**To do:**
A copy of the listing below is needed, exact in every line and without images.

**Dataset content:**

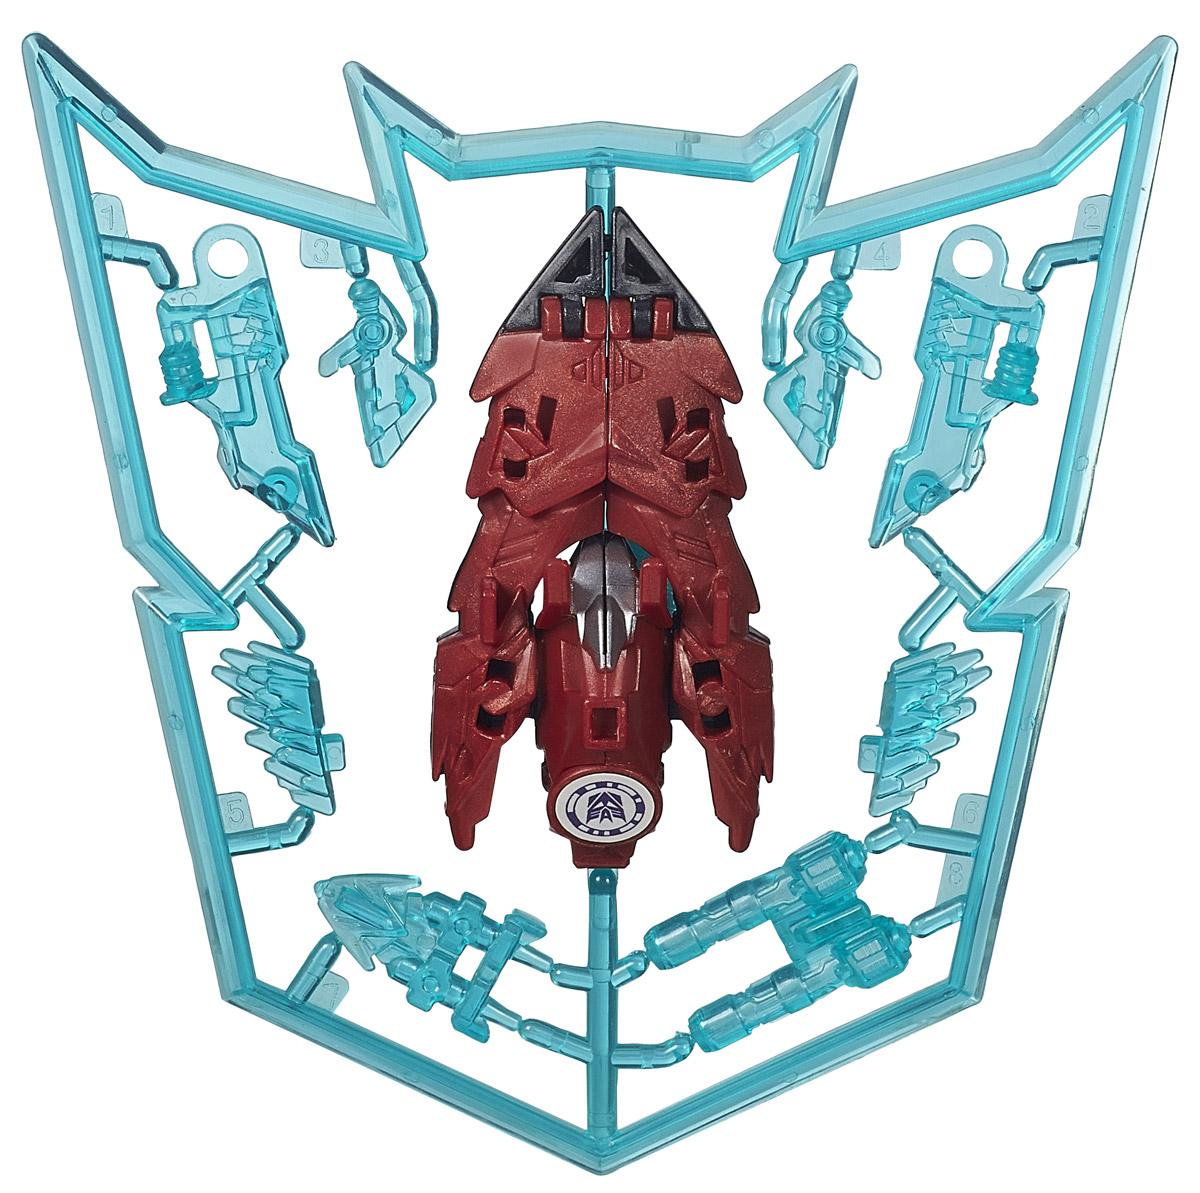 Transformers Трансформер Mini-con RatbatB0763EU4_B3054Трансформер Mini-con Ratbat обязательно привлечет внимание вашего малыша не позволит ему скучать. Игрушка выполнена из безопасного для ребенка материала. Чтобы начать игру, необходимо освободить игрушку от рамы, к которой она прикреплена. Трансформер несмотря на свои небольшие размеры, трансформируется в один шаг из маленького объекта в сильного робота. В этом режиме его можно вооружить при помощи различных аксессуаров, которые прикреплены к раме и входят в набор. Ребенок с удовольствием будет играть с фигуркой, придумывая разные истории. Порадуйте его таким замечательным подарком!
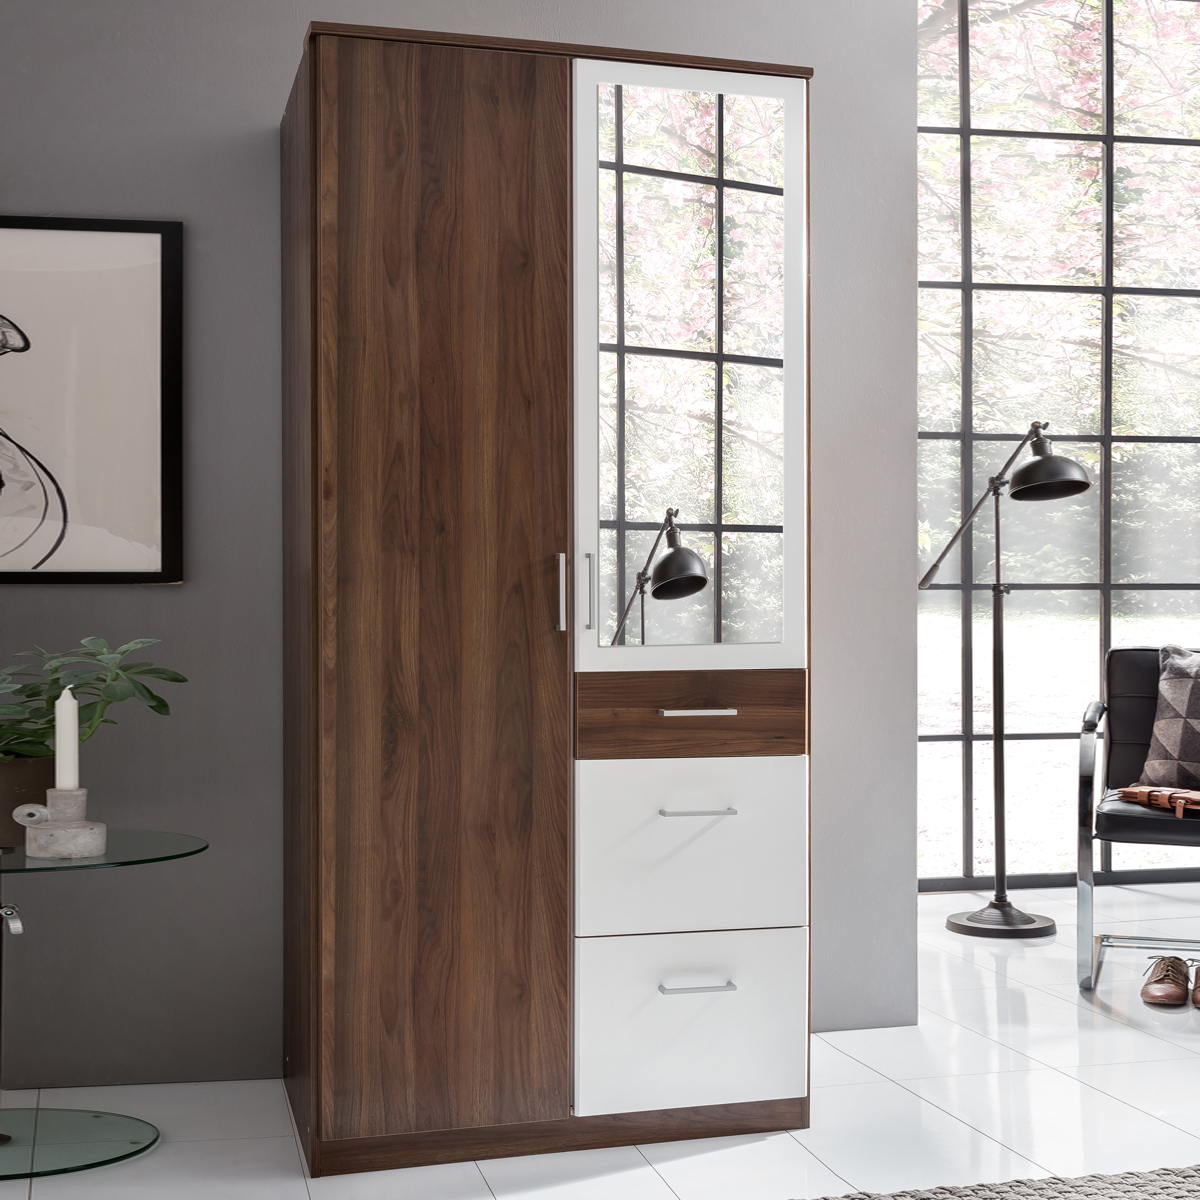 kleiderschrank click nussbaum und alpinwei. Black Bedroom Furniture Sets. Home Design Ideas
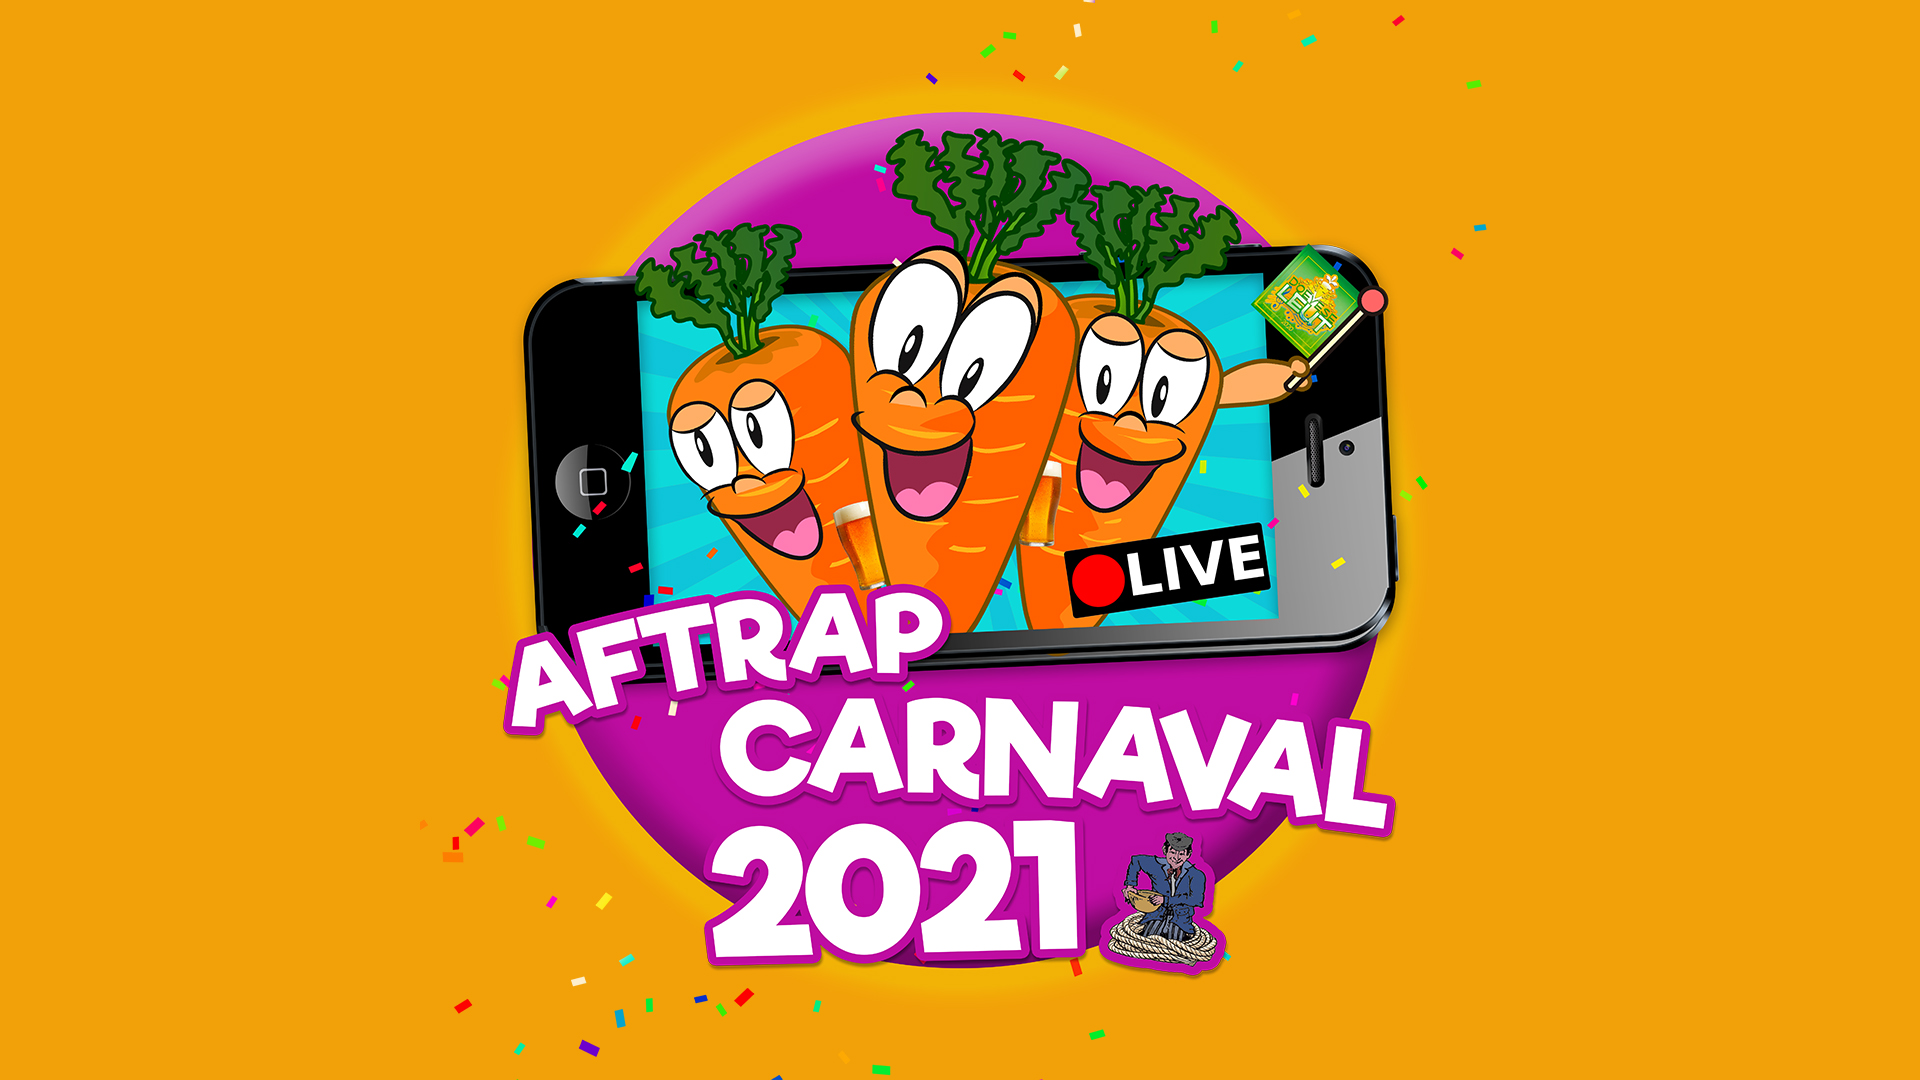 Zaterdag Live Aftrap Carnaval 2021 In Peejenland!
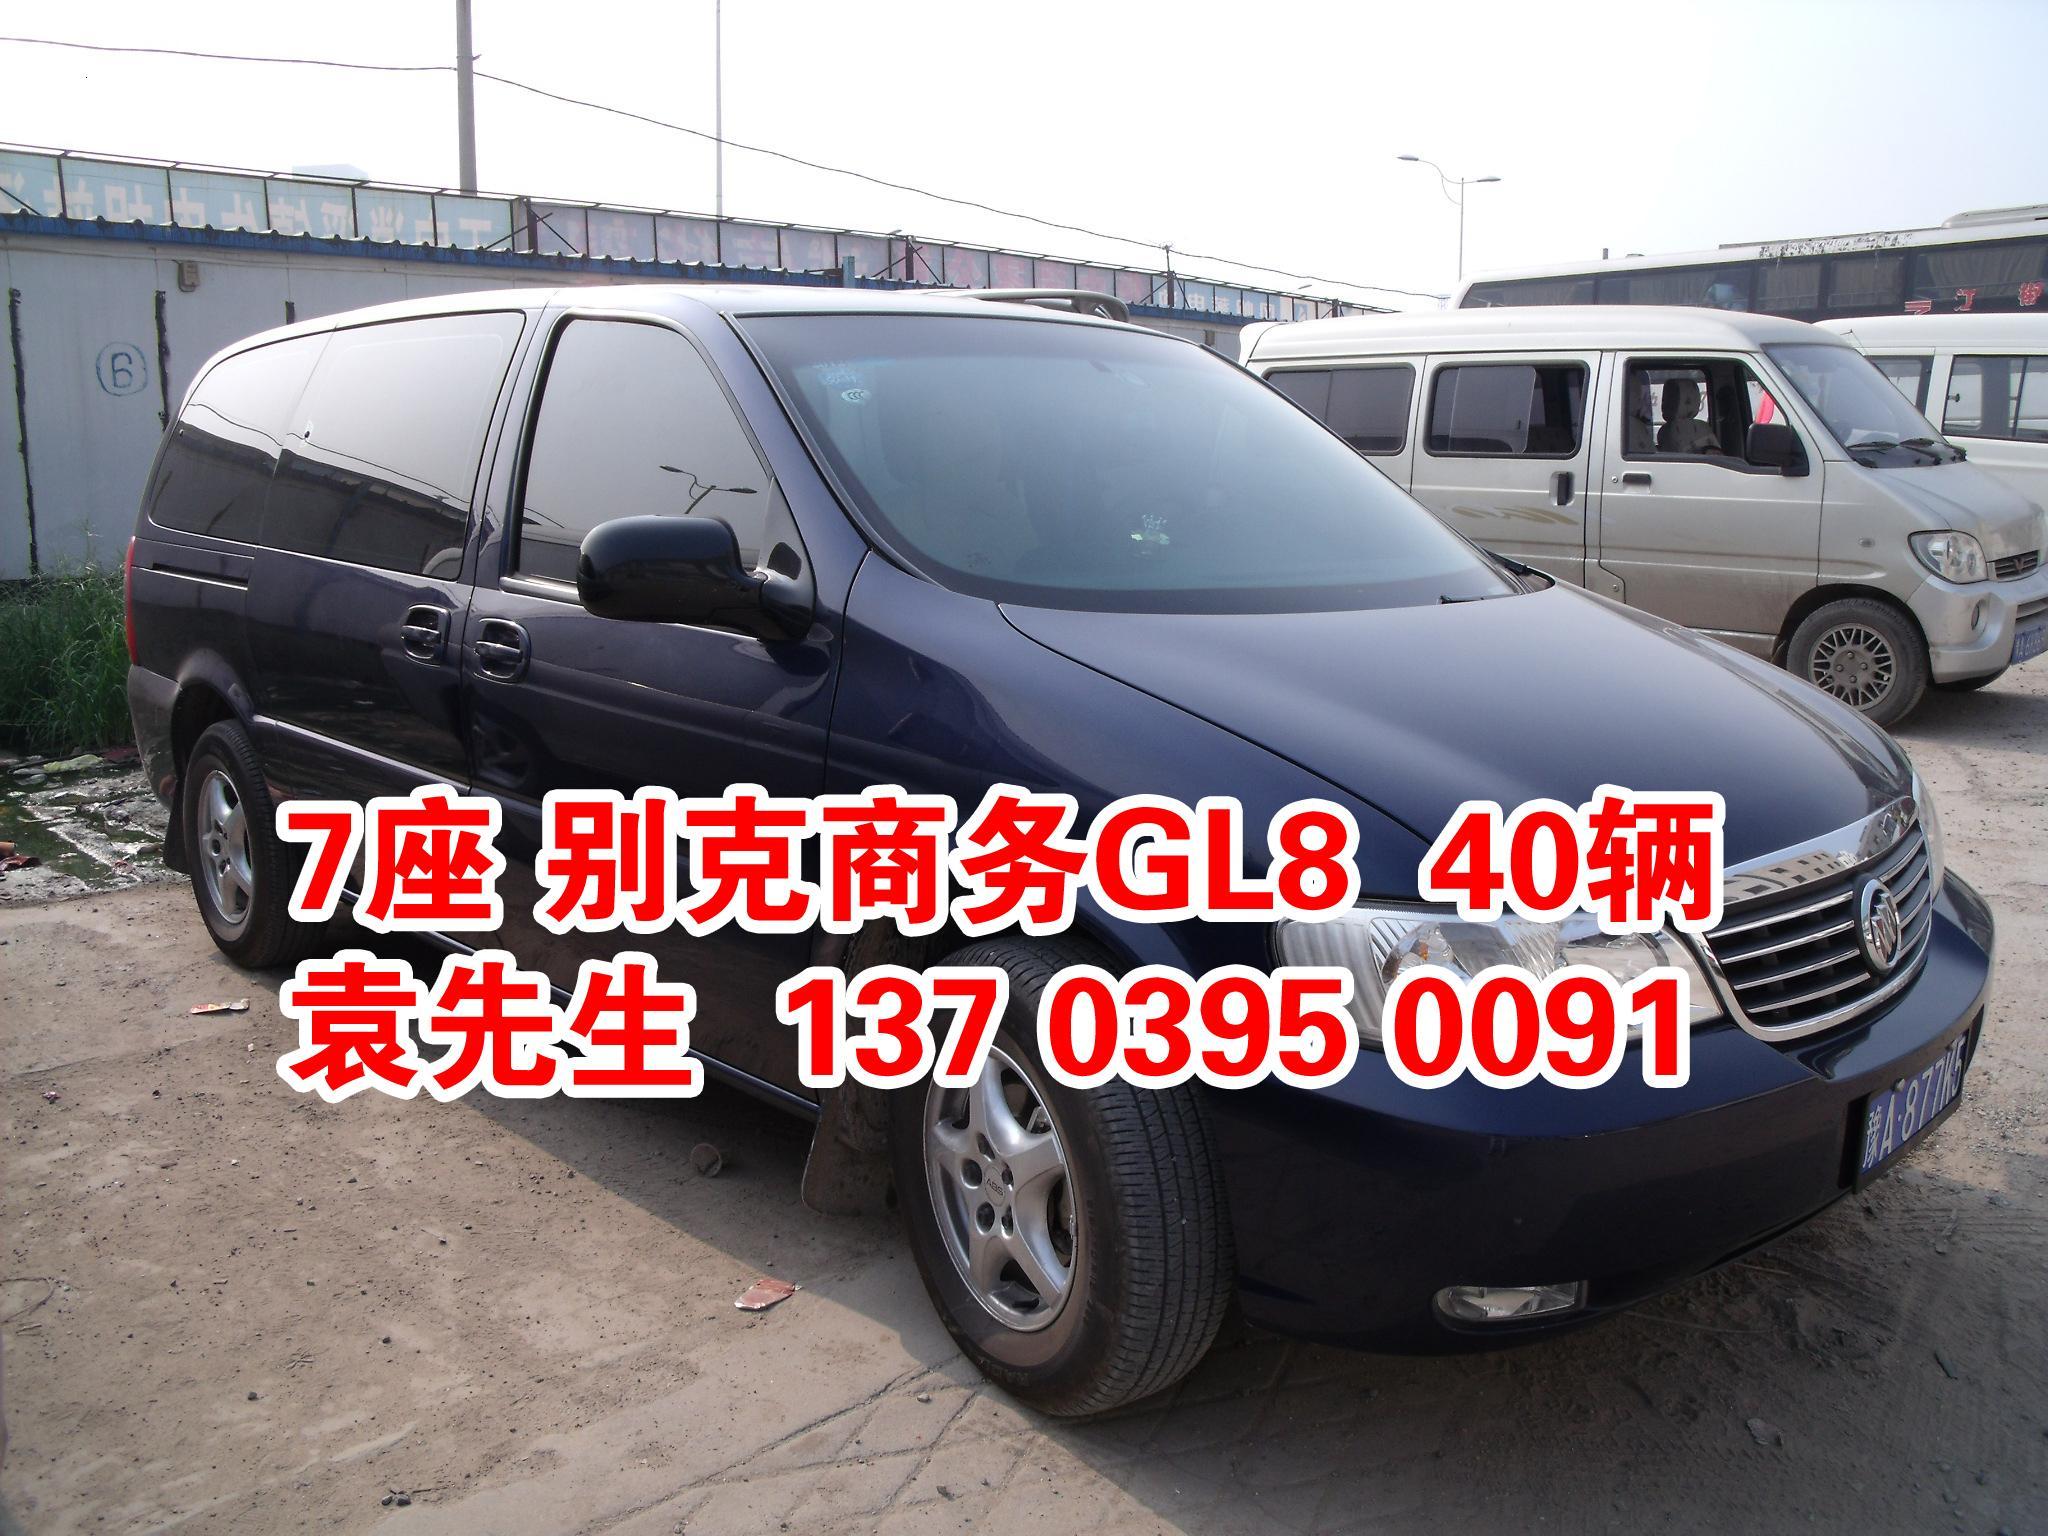 7座 别克商务GL8 (65辆)

**Response to the exercise:**
 Transformers Трансформер Mini-con RatbatB0763EU4_B3054Трансформер Mini-con Ratbat обязательно привлечет внимание вашего малыша не позволит ему скучать. Игрушка выполнена из безопасного для ребенка материала. Чтобы начать игру, необходимо освободить игрушку от рамы, к которой она прикреплена. Трансформер несмотря на свои небольшие размеры, трансформируется в один шаг из маленького объекта в сильного робота. В этом режиме его можно вооружить при помощи различных аксессуаров, которые прикреплены к раме и входят в набор. Ребенок с удовольствием будет играть с фигуркой, придумывая разные истории. Порадуйте его таким замечательным подарком!
 kleiderschrank click nussbaum und alpinwei. Black Bedroom Furniture Sets. Home Design Ideas
 Zaterdag Live Aftrap Carnaval 2021 In Peejenland!
 7座 别克商务GL8 (65辆)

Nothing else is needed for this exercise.